Each line below from the line with "Black & Decker" to the line with "For sale Core i9-9900K in original box" must be copied exactly, including those two, and no picture may appear in the copy.

- [AVAILABLE DATA]
+++++

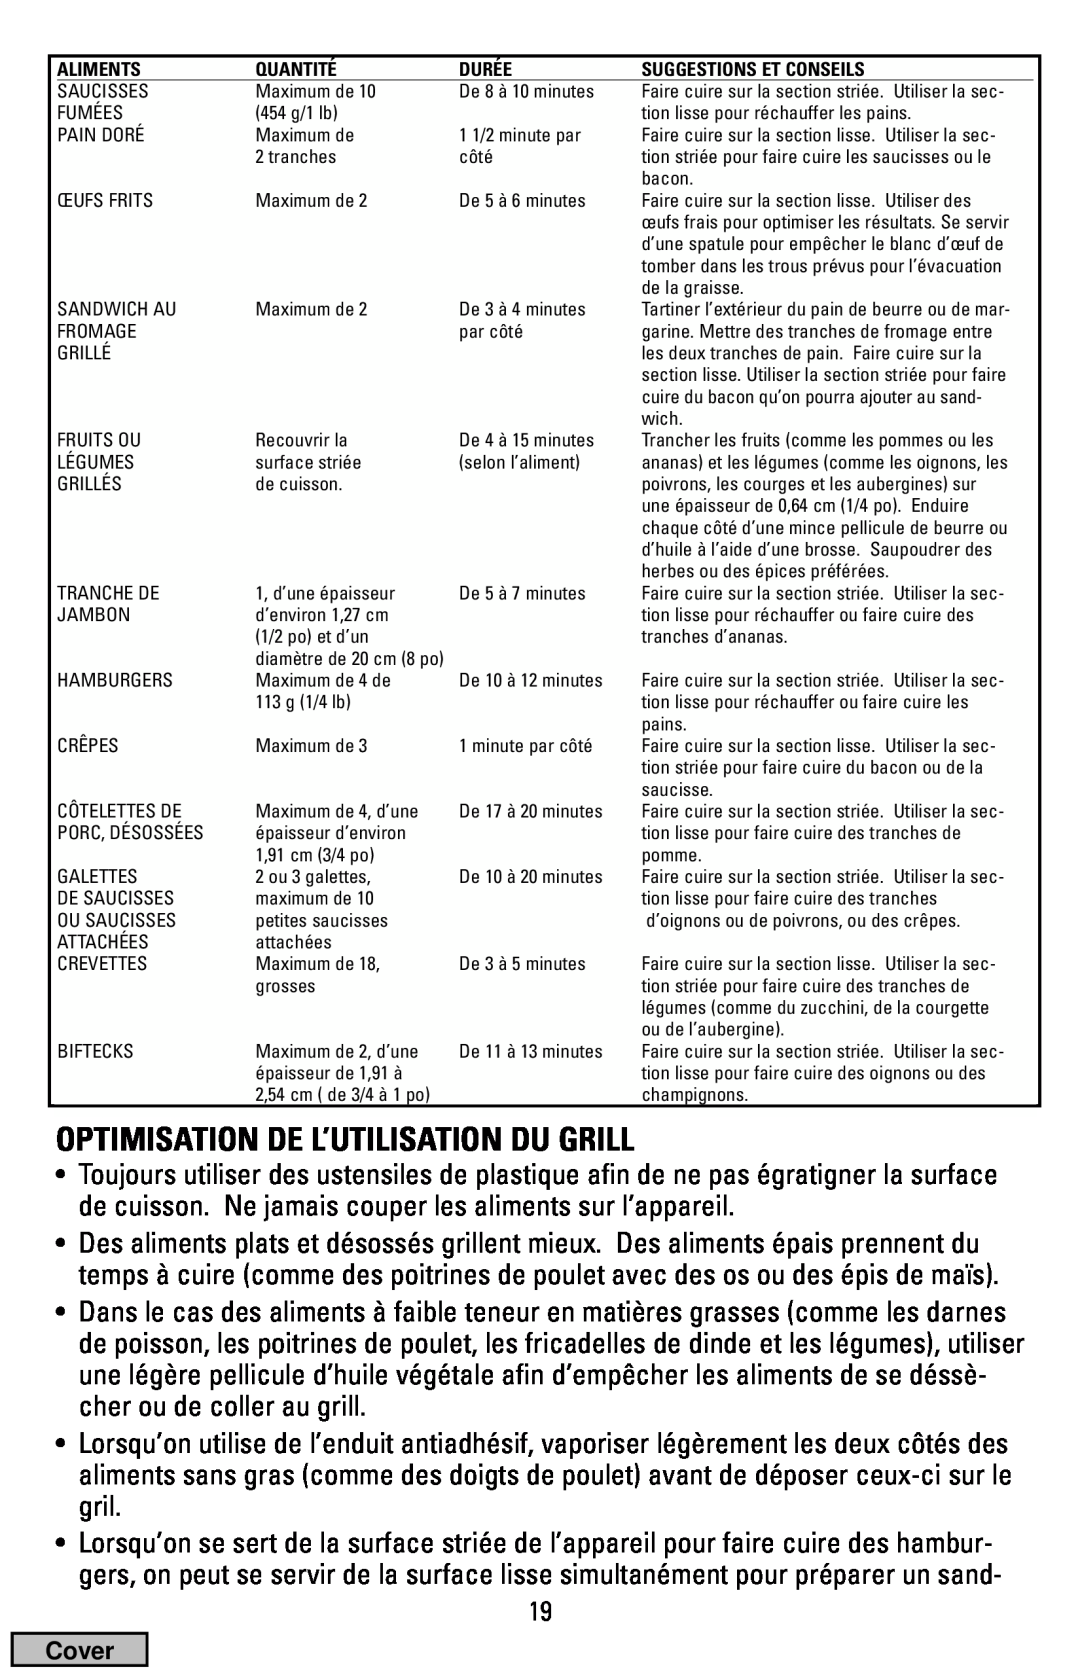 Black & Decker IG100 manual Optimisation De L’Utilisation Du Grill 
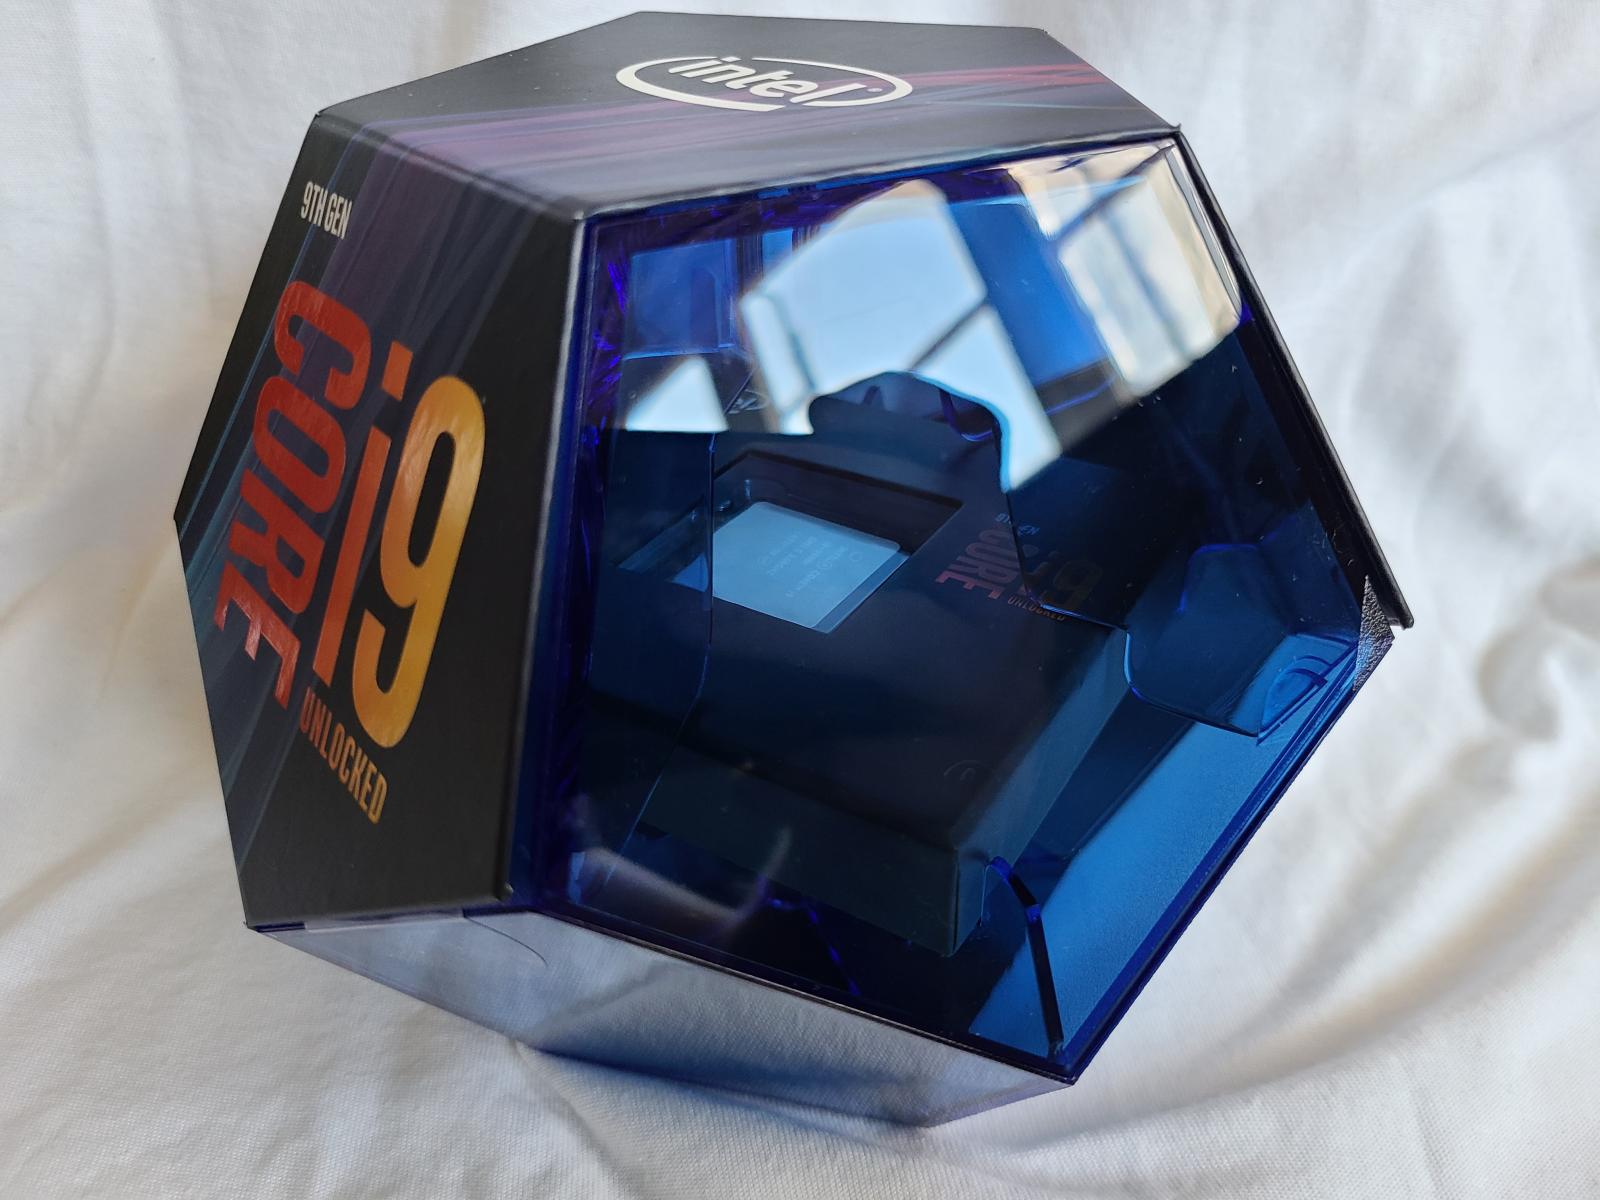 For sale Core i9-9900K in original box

+++++

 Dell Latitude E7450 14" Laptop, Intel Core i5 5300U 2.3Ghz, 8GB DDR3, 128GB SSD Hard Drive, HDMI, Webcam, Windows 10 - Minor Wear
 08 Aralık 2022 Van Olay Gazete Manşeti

+++++

- [EXPECTED OUTPUT]
 Black & Decker IG100 manual Optimisation De L’Utilisation Du Grill 
 For sale Core i9-9900K in original box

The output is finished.